Golden slumbers | Inquirer Opinion

Golden slumbers

/ 05:05 AM September 02, 2022

When I was a girl, I thought the world of my dad.

We lived in a pink house with overgrown yellow bells, and on weekend mornings, I would wake up to him playing the Beatles on the speakers he fixed himself. He liked fixing appliances and building furniture, watering his plants, taking us to school, and picking out movies with us at the VHS shop.


To him, the ordinary, everyday things were meaningful, important things. It was enough for him to spend time together—watching TV over ramen dinners, cheering for the Golden State Warriors, driving miles of freeway singing to John Denver, laughing over Heineken beers and ginataang kanduli, looking quietly at empty skies from Signal Hill or a beach in Baler or the Blanco tree. It was enough for him to be a dad.

And he is a good dad, the best that there is. He would say he was proud of me, whether I was going on humanitarian missions, riding a bike for the first time, or failing college biology for the third time. I never had to be anything, just a good person, and a kind one.


These were the memories that came to me as we sat for 13 hours holding his hand, waiting for him to pass from this life.

How is he doing this, I thought, as I watched him take deep, staggering breaths on that hospital bed in the intensive care unit, machines hooked up to every part of him, skin and bones wrapped in a blanket because his body couldn’t keep him warm. Even if I could take him home, it would be more of this pain and this suffering, more of his hurt. I couldn’t bear to see him like this. I hadn’t been able to bear seeing him like this.

This was not his body, not anymore. It hadn’t been for a while. That body was too small, too weak, too sick to hold his spirit. He can still fight, and he wanted to (“I feel fine!” he declared, “I’ll live 10 more years!”), but that emaciated receptacle couldn’t take any more. It was worn down, trying to keep up with his enormous will and his boundless hope. It couldn’t bear what he was ready to subject it to, what he had subjected it to.

“I haven’t lost hope,” he said, on the very day the doctor called to say this is it, we had done everything we could. When Dad was first diagnosed with stage 4 cancer, we packed our bags and flew to Los Angeles at the height of COVID lockdowns in late 2020. We sat in doctor’s offices as he underwent eight hours of surgery and two months of radiation before he went into remission for three weeks. And then there we were again, six hours of chemo every Tuesday for six months, only to come to this day anyway.

The doctor said he had a year. We had two weeks.

There is a moment when we take a fixed, final step from youth and childhood, knowing there is no way back. The day I watched my father die for 13 hours was mine.

Dad taught me that to face one’s death with such grace takes courage. To take all of that fear and despair, to turn it into something beautiful, it takes strength. And to hold on to hope with reckless abandon, it takes an unwavering faith.


It was a gift to witness his journey, to have walked this road with him.

In the government records, he would be tallied as one of the 90,000 casualties of the Omicron surge and flu season in California, and one of 600,000 to die of cancer this year alone. I refuse that he is reduced to this statistic, that this is his life and story, that he is known only by what he did not survive.
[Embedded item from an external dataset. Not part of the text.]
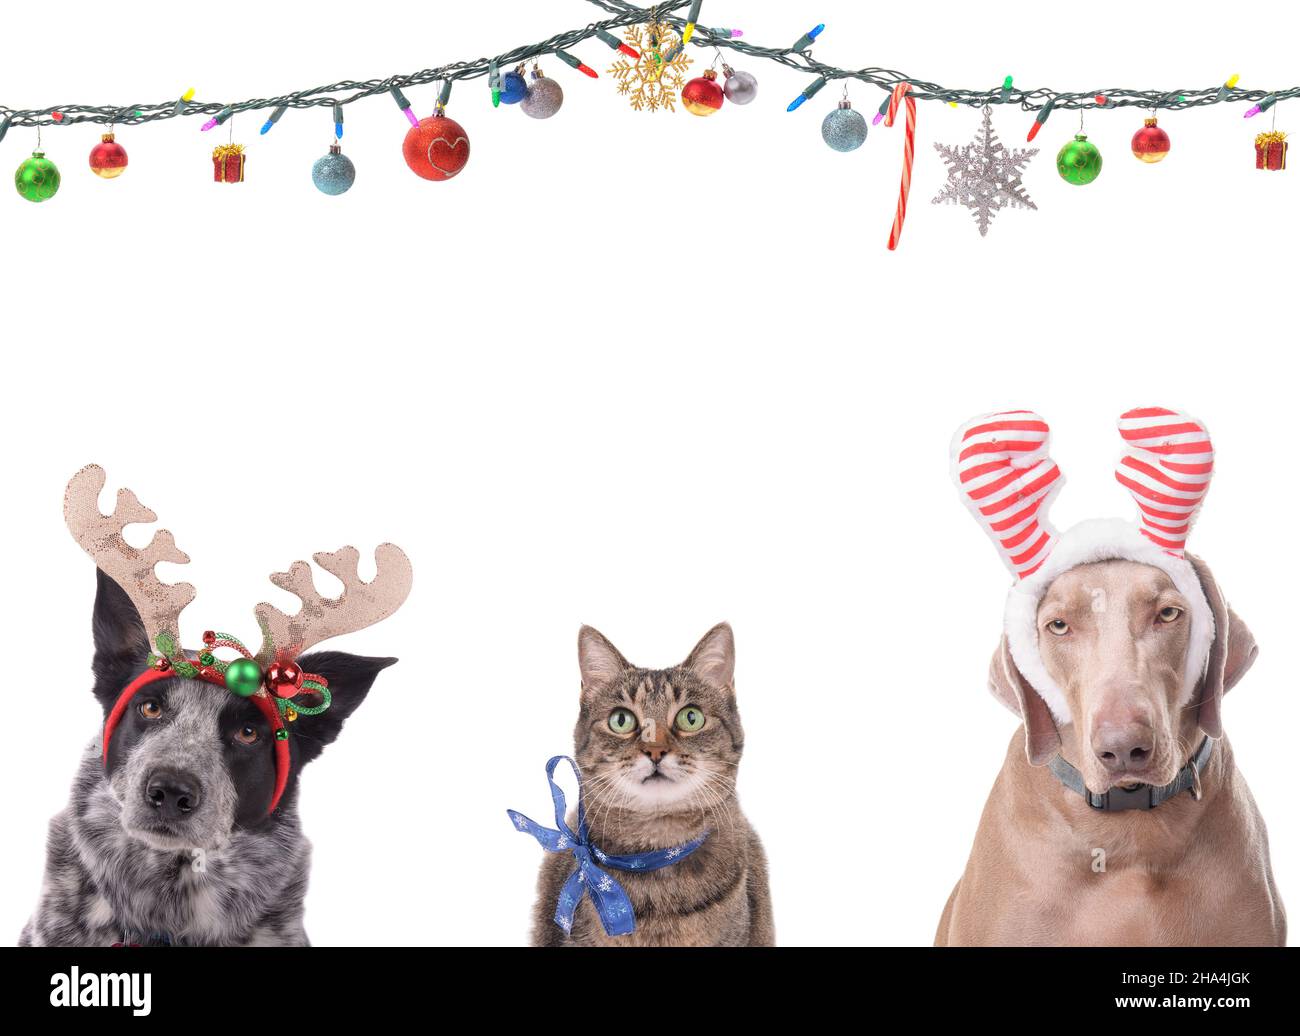 Deux chiens avec des bois de renne et un chat avec un noeud de flocon de neige, avec des guirlandes de Noël ornées d'ornements au-dessus d'eux; sur blanc, avec la copie de la flèche Banque D'Images

What he survived was 15 years as an immigrant in America, 15 years away from his family and his home. He is the strongest person I know, and the kindest. He takes pride in a job well done and cares very deeply for people. He has this unique ability to sit and listen and make you feel seen. If you gave him a gift, he would make sure to use or wear it until it fell apart, and then he would keep it some more. When he gave gifts, it was always something thoughtful, something you only mentioned once but he remembered.

He has the biggest heart and the brightest spirit. He is a good man, and he is so loved. He is remembered in good ways, in beautiful ways, and it makes me proud that so many people can bear witness to the best of him and the best in him.

Last week, on what would have been his 58th birthday, I wanted to tell him: Daddy, you are sunlight to everyone who knows you, and I am so proud you’re my dad.

I know you are here. You are in every song and every movie and every square inch of this city. I will find you in good music, good films, and good friends. I will work hard and live well and love more, and I will know that this part of me is you. I carry you with me. I will go with your kindness and your laughter and your light. Thank you for your love and your life.

I may no longer be a girl, but I still think the world of you.


Kara Medina, 28, is a humanitarian and development professional specializing in gender and disaster resilience. In the last two years, she read 27 books on grief and loss, only to find what she was looking for in “Abbey Road” (1969).